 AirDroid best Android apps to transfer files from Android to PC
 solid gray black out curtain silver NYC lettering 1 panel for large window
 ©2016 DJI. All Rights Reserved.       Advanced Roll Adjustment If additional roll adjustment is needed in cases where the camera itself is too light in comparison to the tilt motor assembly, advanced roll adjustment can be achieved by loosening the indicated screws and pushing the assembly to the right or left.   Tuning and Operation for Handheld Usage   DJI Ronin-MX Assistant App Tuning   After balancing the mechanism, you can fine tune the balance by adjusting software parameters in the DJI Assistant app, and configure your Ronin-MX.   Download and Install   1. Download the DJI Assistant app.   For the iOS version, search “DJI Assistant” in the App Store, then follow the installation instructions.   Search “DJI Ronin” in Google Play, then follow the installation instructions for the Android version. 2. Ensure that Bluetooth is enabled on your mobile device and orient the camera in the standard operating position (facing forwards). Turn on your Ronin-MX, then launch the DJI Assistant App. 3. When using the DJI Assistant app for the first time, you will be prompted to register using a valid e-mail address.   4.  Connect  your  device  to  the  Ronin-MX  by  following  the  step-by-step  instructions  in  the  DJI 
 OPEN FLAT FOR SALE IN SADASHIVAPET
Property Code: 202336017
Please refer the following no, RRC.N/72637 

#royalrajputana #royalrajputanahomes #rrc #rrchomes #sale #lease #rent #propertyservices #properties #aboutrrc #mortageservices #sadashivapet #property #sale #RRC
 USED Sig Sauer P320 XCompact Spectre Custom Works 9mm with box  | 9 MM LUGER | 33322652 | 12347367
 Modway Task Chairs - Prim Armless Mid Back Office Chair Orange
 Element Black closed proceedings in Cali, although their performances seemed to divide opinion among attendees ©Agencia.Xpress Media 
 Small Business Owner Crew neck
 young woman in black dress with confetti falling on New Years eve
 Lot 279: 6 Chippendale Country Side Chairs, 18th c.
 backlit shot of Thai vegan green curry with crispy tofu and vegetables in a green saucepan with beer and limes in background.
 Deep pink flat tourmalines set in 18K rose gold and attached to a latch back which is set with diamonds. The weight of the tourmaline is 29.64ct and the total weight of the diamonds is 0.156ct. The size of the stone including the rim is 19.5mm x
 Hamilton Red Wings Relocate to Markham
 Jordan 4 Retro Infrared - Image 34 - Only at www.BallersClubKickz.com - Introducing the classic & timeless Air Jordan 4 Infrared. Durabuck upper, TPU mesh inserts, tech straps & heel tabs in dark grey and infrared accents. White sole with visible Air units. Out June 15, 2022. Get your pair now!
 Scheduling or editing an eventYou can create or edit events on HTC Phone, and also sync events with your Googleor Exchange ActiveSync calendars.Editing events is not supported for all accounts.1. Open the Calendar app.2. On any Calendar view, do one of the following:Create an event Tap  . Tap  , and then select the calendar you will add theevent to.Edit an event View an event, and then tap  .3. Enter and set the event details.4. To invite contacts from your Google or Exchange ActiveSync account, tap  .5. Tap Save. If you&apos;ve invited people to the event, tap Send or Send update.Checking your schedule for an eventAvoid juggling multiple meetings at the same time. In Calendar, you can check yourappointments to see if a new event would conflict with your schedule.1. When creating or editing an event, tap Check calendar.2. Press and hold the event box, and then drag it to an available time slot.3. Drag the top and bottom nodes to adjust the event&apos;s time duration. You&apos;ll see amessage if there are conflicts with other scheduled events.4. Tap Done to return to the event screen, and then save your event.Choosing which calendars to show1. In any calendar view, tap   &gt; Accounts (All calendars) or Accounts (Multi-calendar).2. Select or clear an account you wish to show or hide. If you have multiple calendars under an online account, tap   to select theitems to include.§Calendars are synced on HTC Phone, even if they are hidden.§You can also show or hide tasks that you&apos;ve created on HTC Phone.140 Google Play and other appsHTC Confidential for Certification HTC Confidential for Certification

Your goal:
Set the whole listing down again, unchanged.

Response:
 AirDroid best Android apps to transfer files from Android to PC
 solid gray black out curtain silver NYC lettering 1 panel for large window
 ©2016 DJI. All Rights Reserved.       Advanced Roll Adjustment If additional roll adjustment is needed in cases where the camera itself is too light in comparison to the tilt motor assembly, advanced roll adjustment can be achieved by loosening the indicated screws and pushing the assembly to the right or left.   Tuning and Operation for Handheld Usage   DJI Ronin-MX Assistant App Tuning   After balancing the mechanism, you can fine tune the balance by adjusting software parameters in the DJI Assistant app, and configure your Ronin-MX.   Download and Install   1. Download the DJI Assistant app.   For the iOS version, search “DJI Assistant” in the App Store, then follow the installation instructions.   Search “DJI Ronin” in Google Play, then follow the installation instructions for the Android version. 2. Ensure that Bluetooth is enabled on your mobile device and orient the camera in the standard operating position (facing forwards). Turn on your Ronin-MX, then launch the DJI Assistant App. 3. When using the DJI Assistant app for the first time, you will be prompted to register using a valid e-mail address.   4.  Connect  your  device  to  the  Ronin-MX  by  following  the  step-by-step  instructions  in  the  DJI 
 OPEN FLAT FOR SALE IN SADASHIVAPET
Property Code: 202336017
Please refer the following no, RRC.N/72637 

#royalrajputana #royalrajputanahomes #rrc #rrchomes #sale #lease #rent #propertyservices #properties #aboutrrc #mortageservices #sadashivapet #property #sale #RRC
 USED Sig Sauer P320 XCompact Spectre Custom Works 9mm with box  | 9 MM LUGER | 33322652 | 12347367
 Modway Task Chairs - Prim Armless Mid Back Office Chair Orange
 Element Black closed proceedings in Cali, although their performances seemed to divide opinion among attendees ©Agencia.Xpress Media 
 Small Business Owner Crew neck
 young woman in black dress with confetti falling on New Years eve
 Lot 279: 6 Chippendale Country Side Chairs, 18th c.
 backlit shot of Thai vegan green curry with crispy tofu and vegetables in a green saucepan with beer and limes in background.
 Deep pink flat tourmalines set in 18K rose gold and attached to a latch back which is set with diamonds. The weight of the tourmaline is 29.64ct and the total weight of the diamonds is 0.156ct. The size of the stone including the rim is 19.5mm x
 Hamilton Red Wings Relocate to Markham
 Jordan 4 Retro Infrared - Image 34 - Only at www.BallersClubKickz.com - Introducing the classic & timeless Air Jordan 4 Infrared. Durabuck upper, TPU mesh inserts, tech straps & heel tabs in dark grey and infrared accents. White sole with visible Air units. Out June 15, 2022. Get your pair now!
 Scheduling or editing an eventYou can create or edit events on HTC Phone, and also sync events with your Googleor Exchange ActiveSync calendars.Editing events is not supported for all accounts.1. Open the Calendar app.2. On any Calendar view, do one of the following:Create an event Tap  . Tap  , and then select the calendar you will add theevent to.Edit an event View an event, and then tap  .3. Enter and set the event details.4. To invite contacts from your Google or Exchange ActiveSync account, tap  .5. Tap Save. If you&apos;ve invited people to the event, tap Send or Send update.Checking your schedule for an eventAvoid juggling multiple meetings at the same time. In Calendar, you can check yourappointments to see if a new event would conflict with your schedule.1. When creating or editing an event, tap Check calendar.2. Press and hold the event box, and then drag it to an available time slot.3. Drag the top and bottom nodes to adjust the event&apos;s time duration. You&apos;ll see amessage if there are conflicts with other scheduled events.4. Tap Done to return to the event screen, and then save your event.Choosing which calendars to show1. In any calendar view, tap   &gt; Accounts (All calendars) or Accounts (Multi-calendar).2. Select or clear an account you wish to show or hide. If you have multiple calendars under an online account, tap   to select theitems to include.§Calendars are synced on HTC Phone, even if they are hidden.§You can also show or hide tasks that you&apos;ve created on HTC Phone.140 Google Play and other appsHTC Confidential for Certification HTC Confidential for Certification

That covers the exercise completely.